森谷氏:どちらかというと後者ですね。当時のベトナムの方は歯の健康に対して、ニーズはあるものの、そこまで意識は高くありませんでした

ferret:キシリトールガムの歯の健康を保つという特徴を訴求するため、どのような戦略をとられたのでしょうか?

森谷氏:メーカーが一方的にいうのではなくて、第三者の視点を交えて訴求することで、信頼度を高められないかと考えました。そこで、ベトナム人の歯の健康をサポートする、という目的の元、VOSA(ベトナム政府保健省の外郭団体にあたる口腔研究協会)と提携協力し、臨床試験の実施、成功を経て、キシリトールガムに対してVOSA認証をいただくことができました。

ferret:この取り組みはいつ頃から始められたのですか?また、始めたきっかけは何だったのでしょうか?

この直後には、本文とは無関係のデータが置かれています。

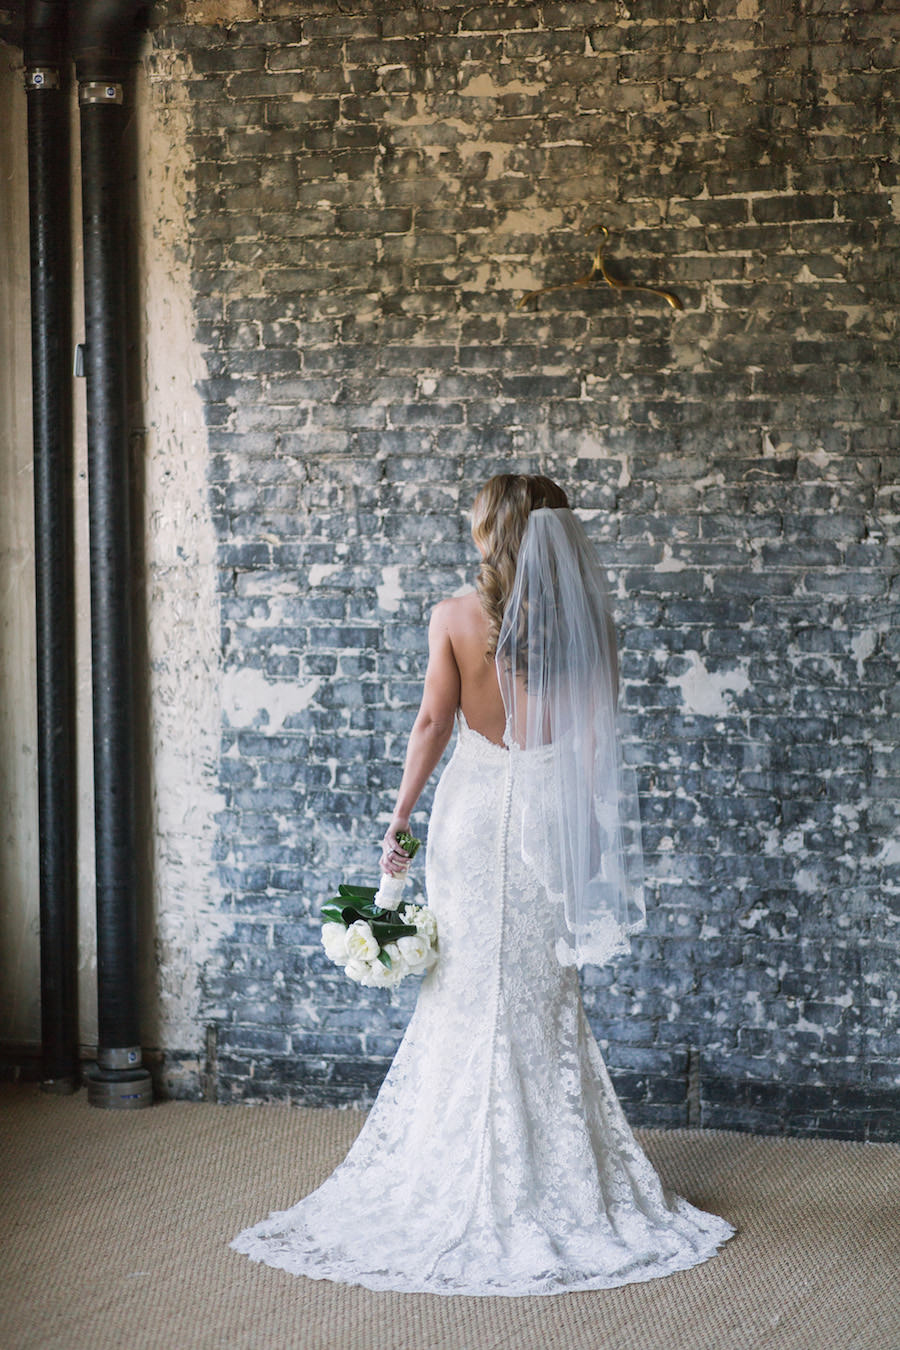 Bridal Wedding Portrait in Ivory, Lace Strapless Dress, Lace Veil, and White Floral Wedding Bouquet of Flowers with Industrial Brick Wall Backdrop

森谷氏:2016年頃に売上が伸び悩み、マーケティング活動を始めました。どういうことかと申しますと、まずは日本とベトナムの小売形態の違いをご説明します。

日本の場合、商品を納品すれば自動的にお店に並びます。ですが、東南アジアには、スーパーやコンビニエンスストアといった小売店の「モダントレード(MT)」と個人商店の「トラディッショナルトレード(TT)」という2つの小売形態があります

ベトナムの市場では、TTがおよそ8割をしめています。MTは、商品を納品すればお店に並ぶのですが、TTは、商品がお店に並ばない場合もあるため、まずは「お店に商品を並べる」ことに注力していた時期がありました。その後、なかなか売上が伸びなくなったため、新たにマーケティング活動をすることにしました。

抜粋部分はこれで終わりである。